DATA SEGMENT
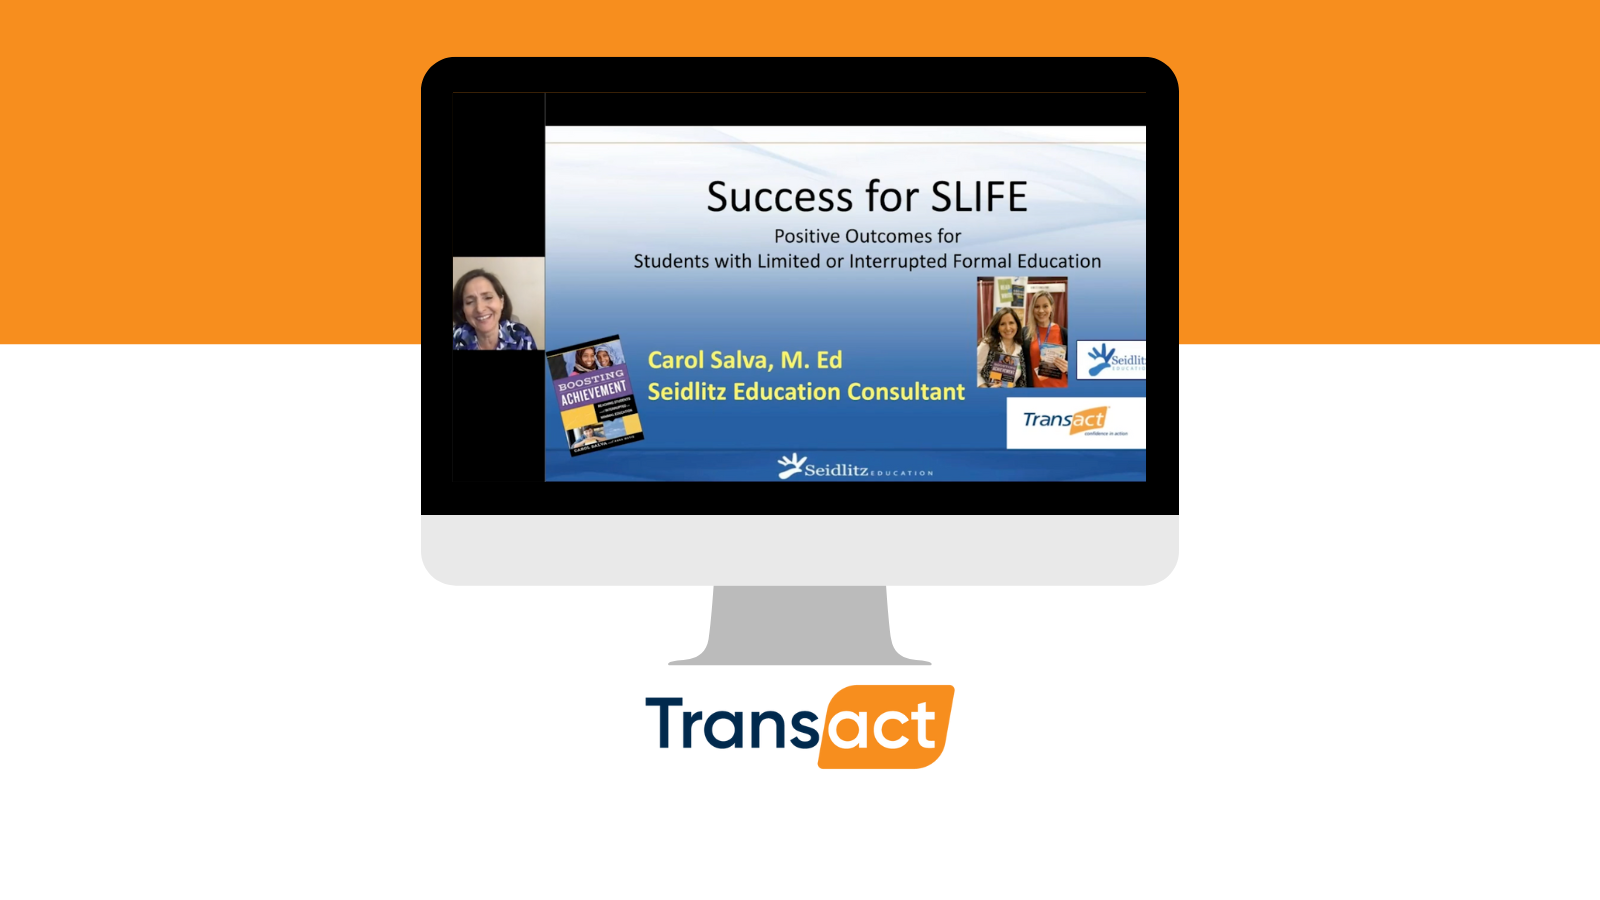 Success for S(L)IFE: Students with limited or interrupted formal education
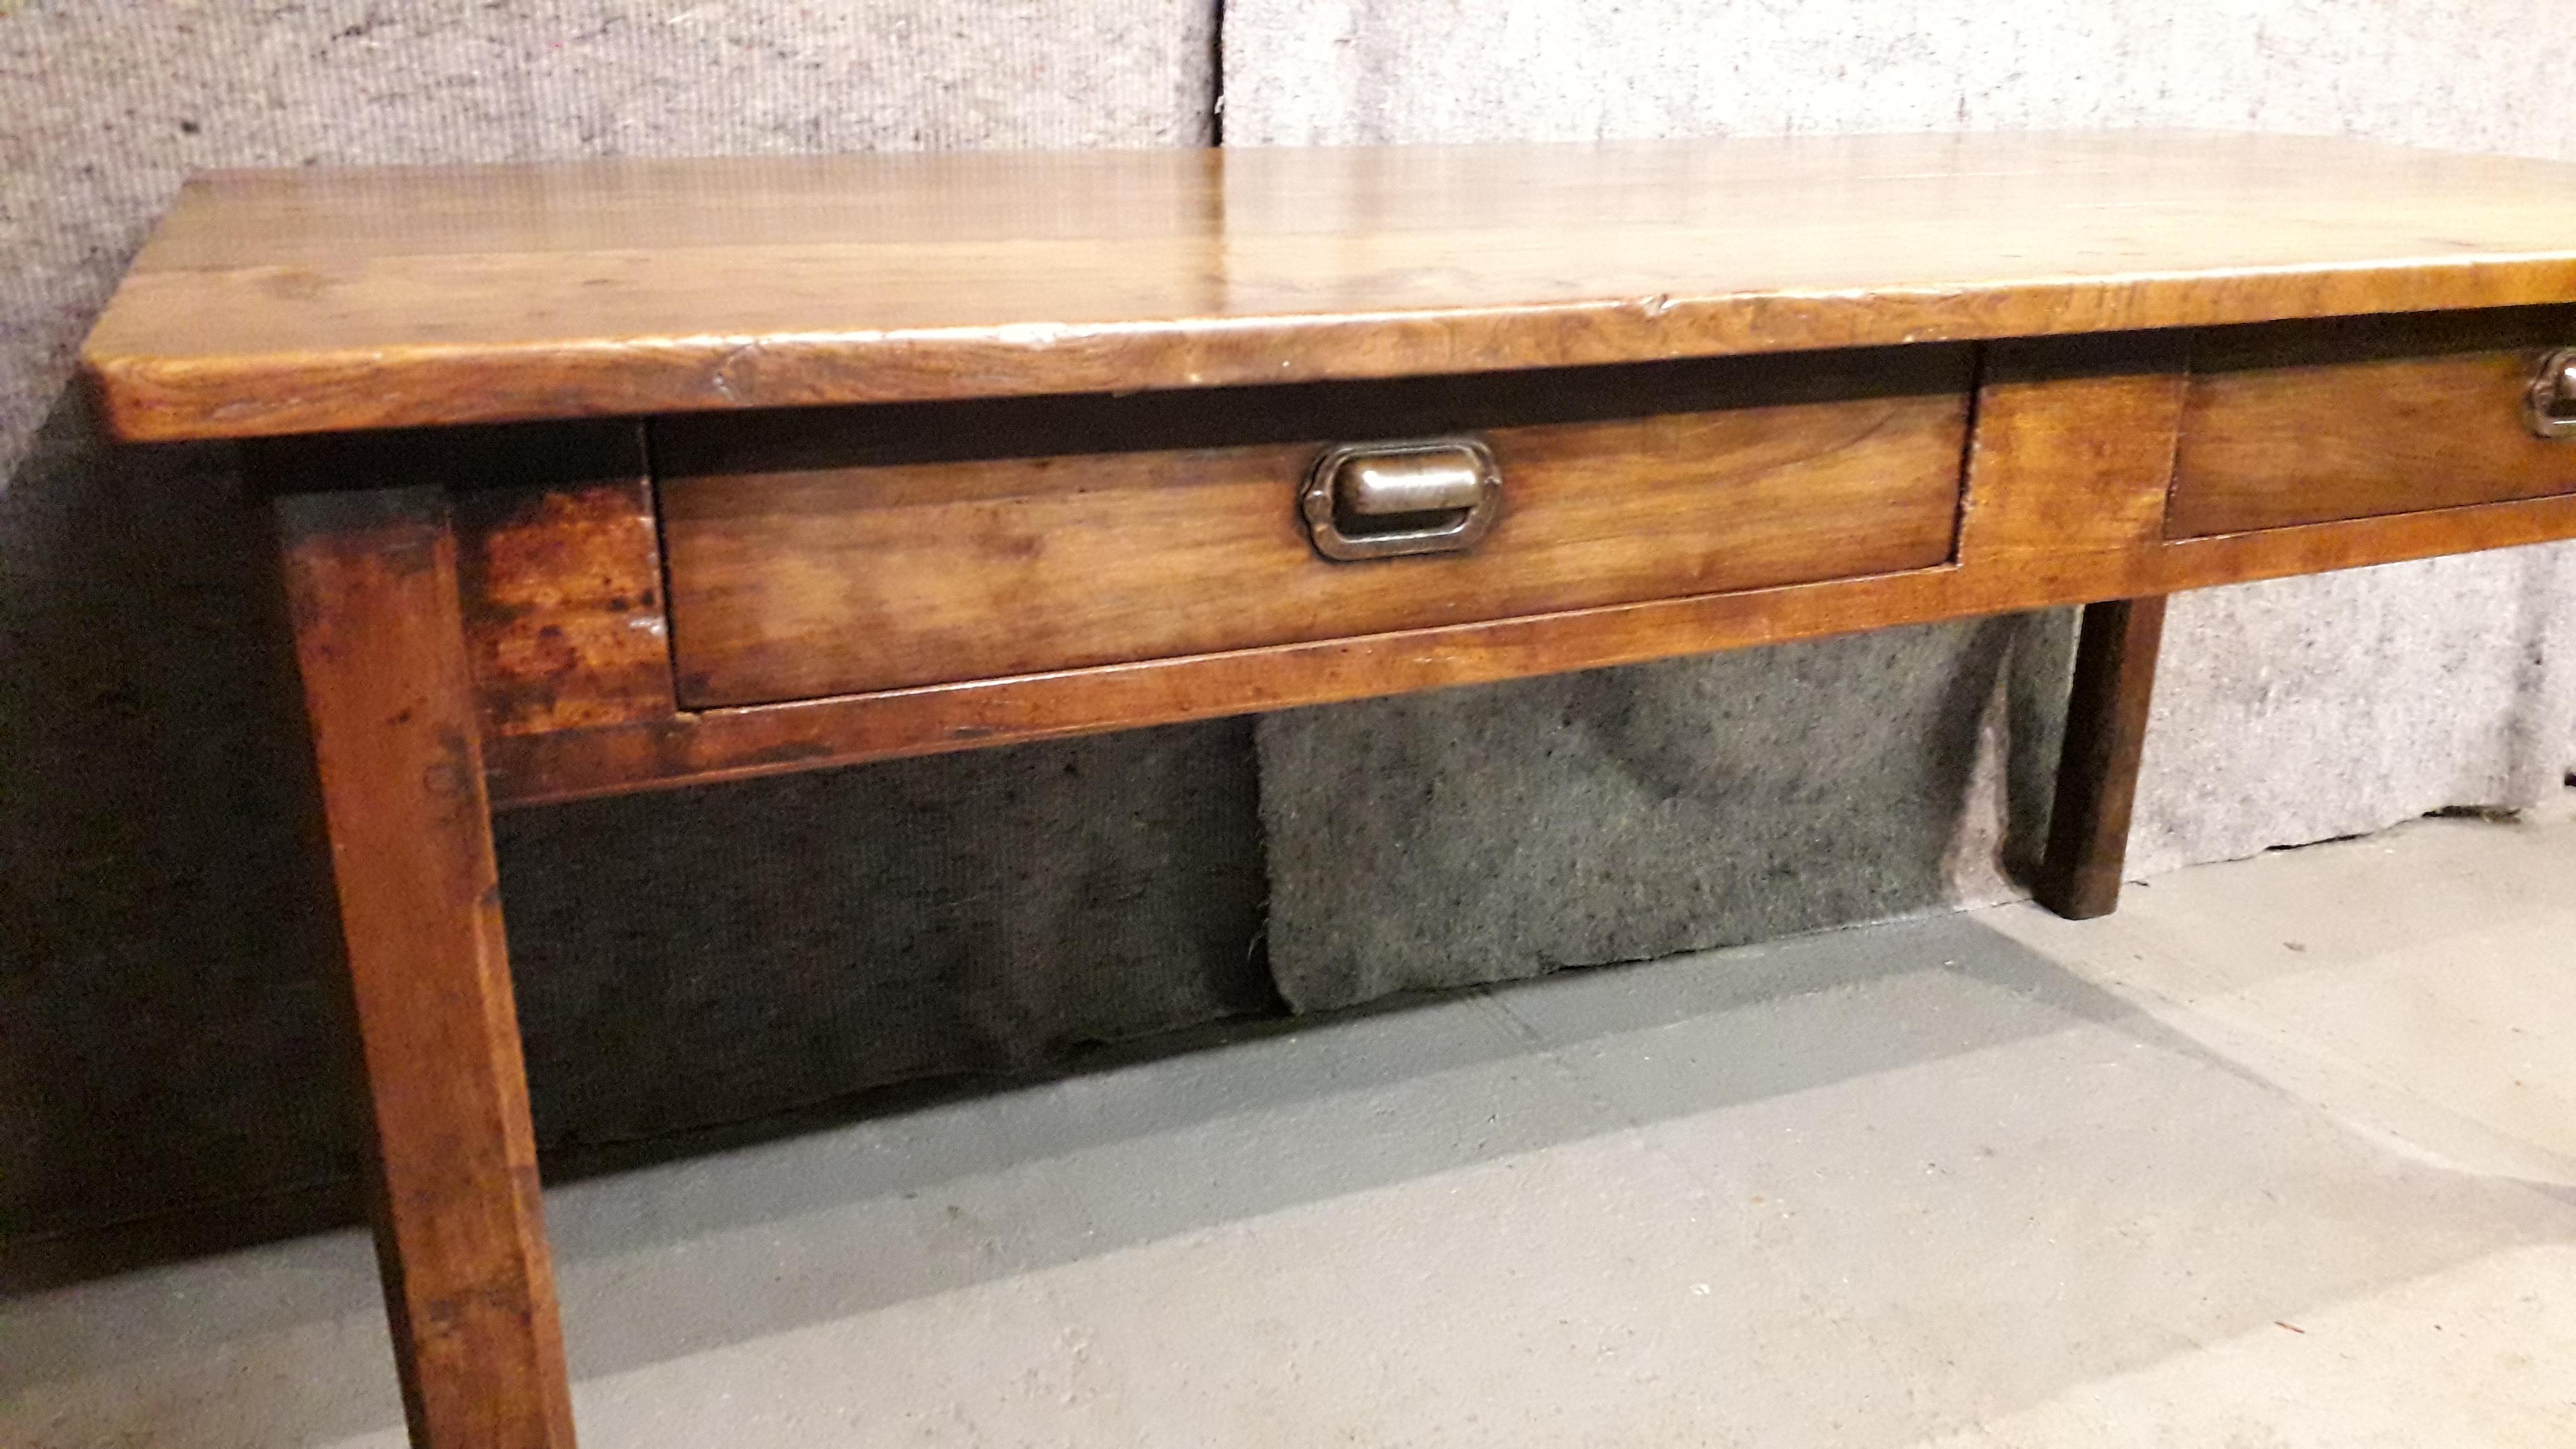 A fabulous refectory table, the base made in cherry with a beautiful elm top, the side drawers internals have been restored and painted fresh white to finish.
Great cutlery and mat storage with excellent iron pull handles, the square chambered legs

EXERCISE DIRECTIONS
Strip out the pictures and reproduce the remaining material above exactly.

EXPECTED ANSWER
 Success for S(L)IFE: Students with limited or interrupted formal education
 A fabulous refectory table, the base made in cherry with a beautiful elm top, the side drawers internals have been restored and painted fresh white to finish.
Great cutlery and mat storage with excellent iron pull handles, the square chambered legs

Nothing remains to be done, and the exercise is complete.